/Neural-Network-from-scratch-without-TensorFlow-PyTorch

This repository features a simple two-layer neural network trained on the MNIST dataset using Python and NumPy. It covers data preprocessing, forward and backward propagation, gradient descent for parameter updates, and model evaluation, offering an educational exploration of neural networks without external frameworks.

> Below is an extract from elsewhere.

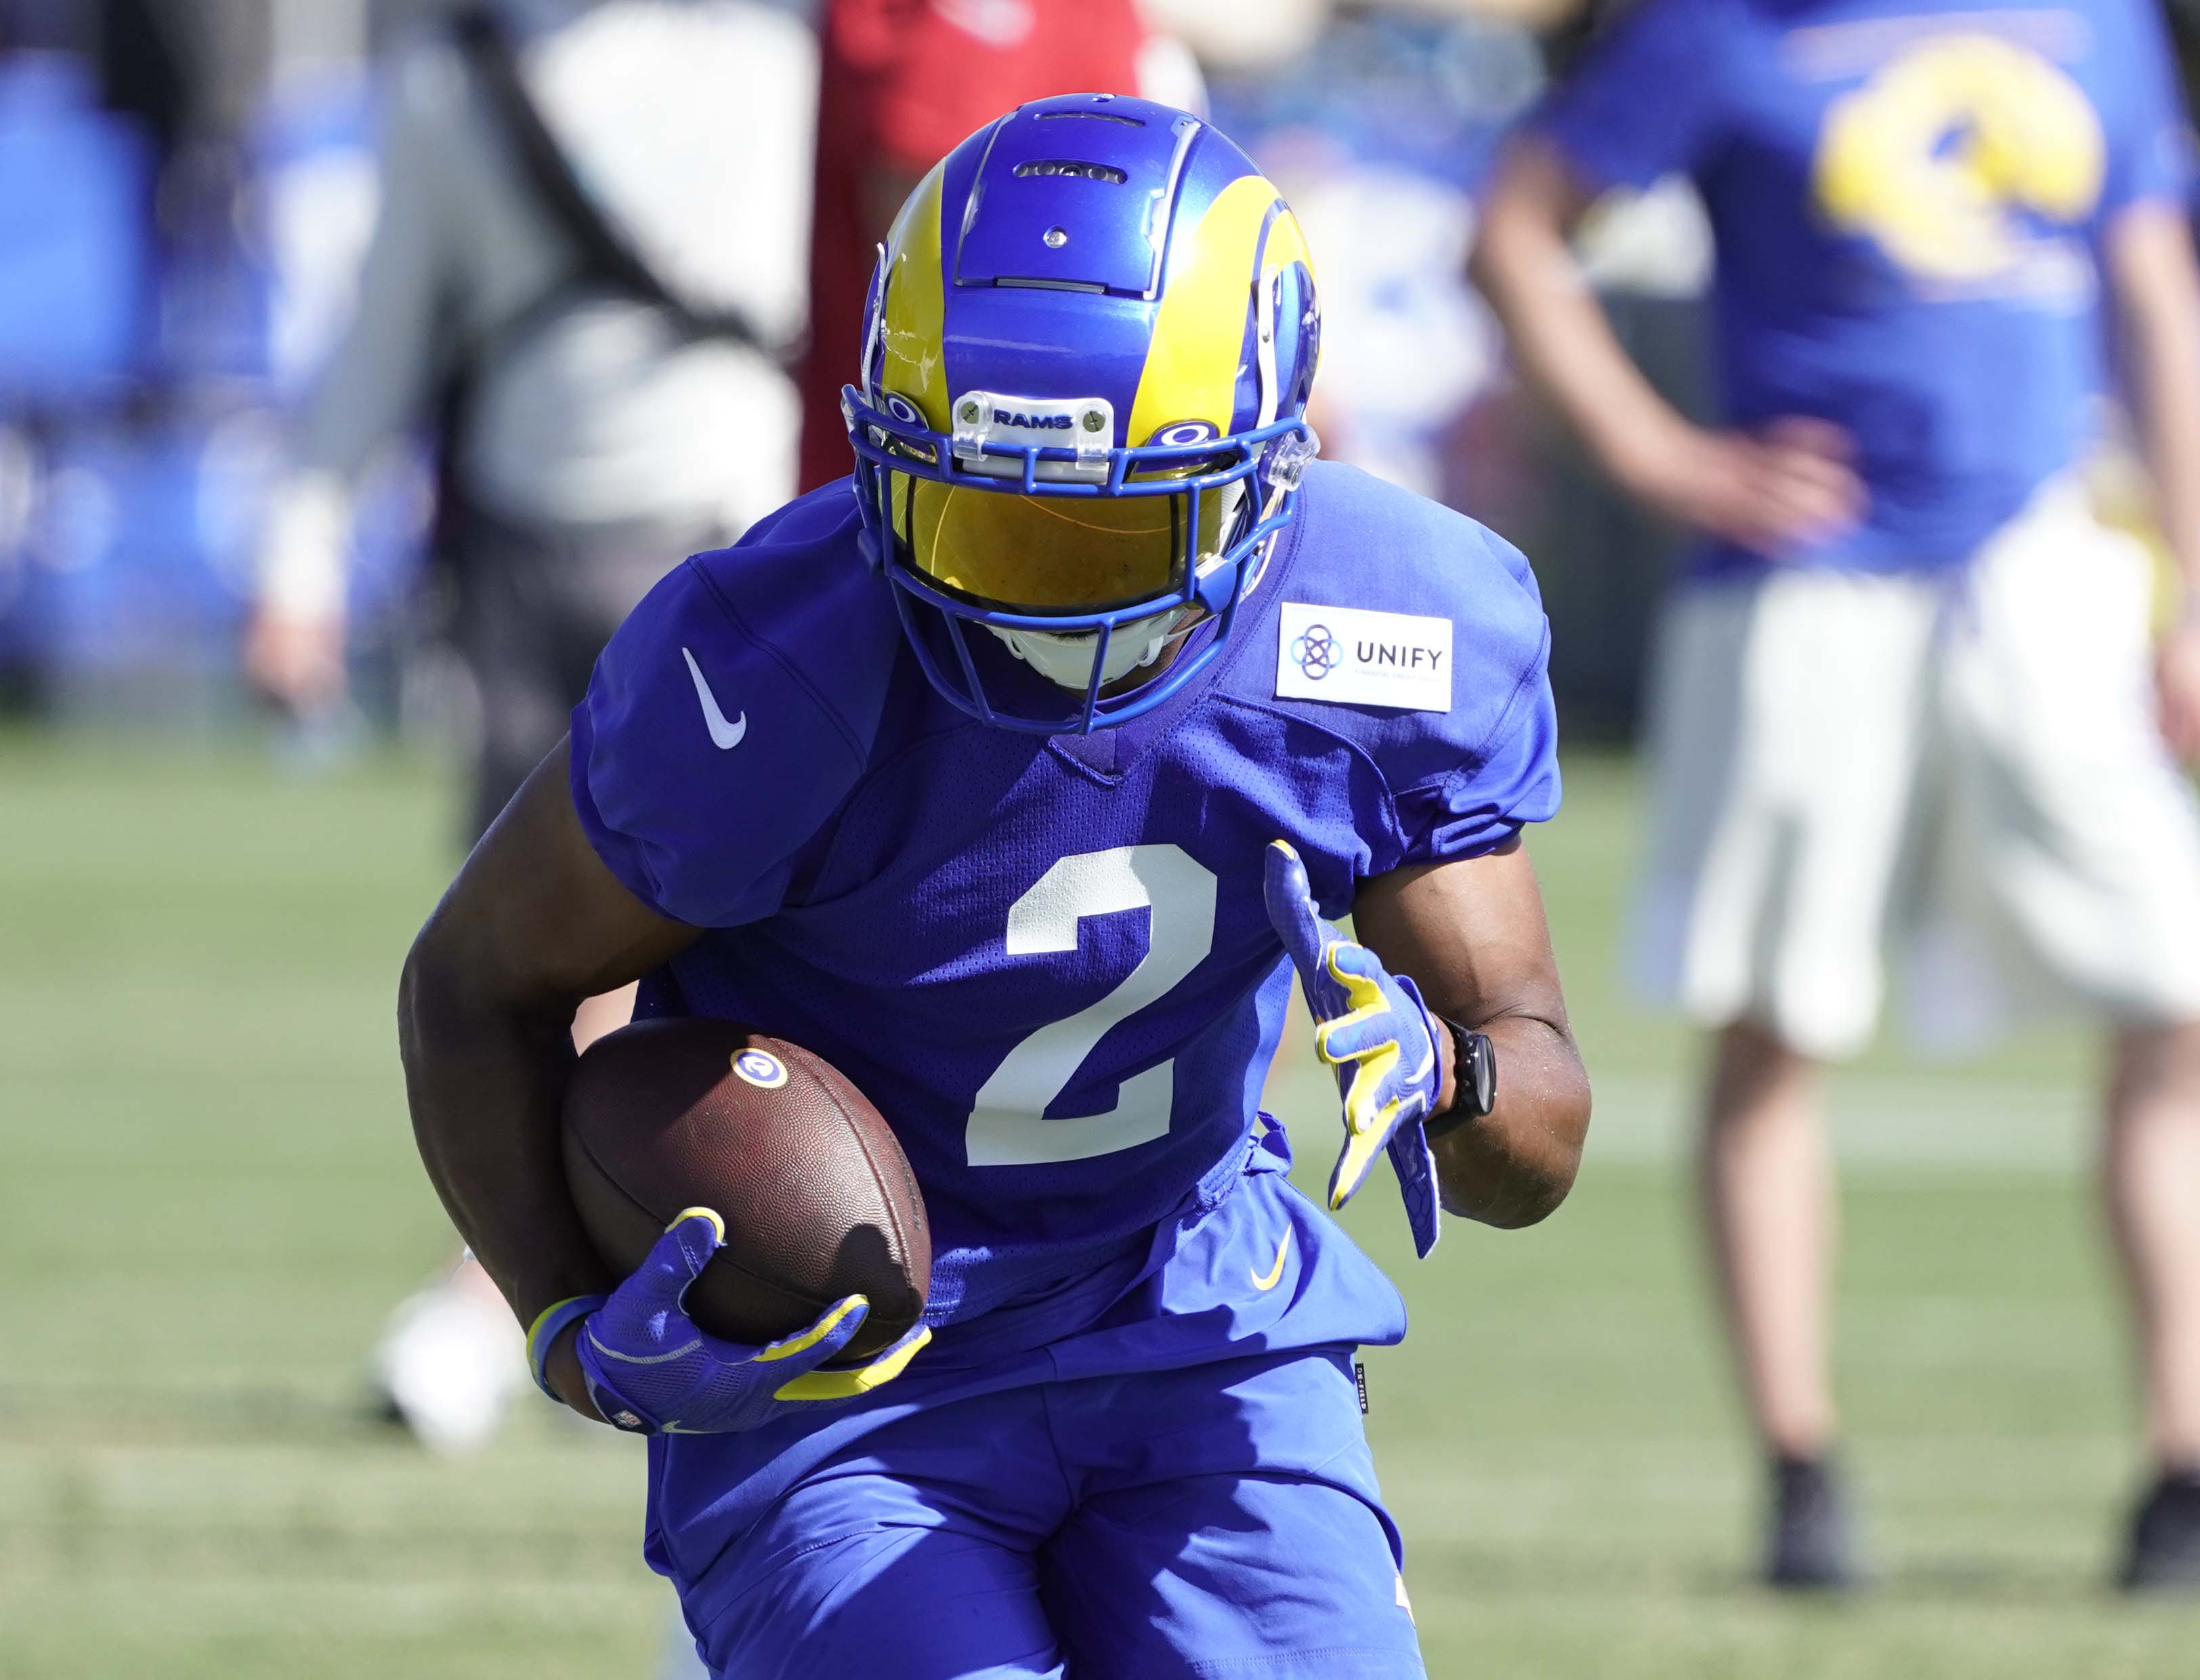 Robert Woods #2 of the Rams working out during the Los Angeles Rams Training Camp on July 31, 2021, at UC Irvine in Irvine, CA.

Primary LanguageJupyter NotebookMIT LicenseMIT

Simple MNIST Neural Network from Scratch

This repository contains Python code for building a simple two-layer neural network from scratch and training it on the MNIST handwritten digit dataset. The code is implemented using basic Python and NumPy, without relying on deep learning frameworks like TensorFlow or PyTorch.

Features

  • Data Preprocessing: The MNIST dataset is loaded from a CSV file and preprocessed to prepare it for training.
  • Forward Propagation: Forward propagation is performed to compute the activations of each layer in the neural network.
  • Backpropagation: Backpropagation is used to compute the gradients of the loss function with respect to the parameters of the network.
  • Gradient Descent: Gradient descent is employed to update the parameters of the network and minimize the loss function.
  • Testing and Evaluation: The trained model is tested on a validation set, and accuracy is calculated to evaluate its performance.

Usage

  1. Clone the repository: git clone https://github.com/OmBaval/Neural-Network-from-scratch-without-TensorFlow-PyTorch.git
  2. Navigate to the repository: cd simple-mnist-nn
  3. Run the Python script: python mnist_nn.py

Requirements

  • Python 3.x
  • NumPy
  • Pandas
  • Matplotlib

License

This project is licensed under the MIT License - see the LICENSE file for details.

Acknowledgments

This code is based on a tutorial on building neural networks from scratch and is intended for educational purposes. Credit goes to the original author for providing valuable insights into the implementation of neural networks.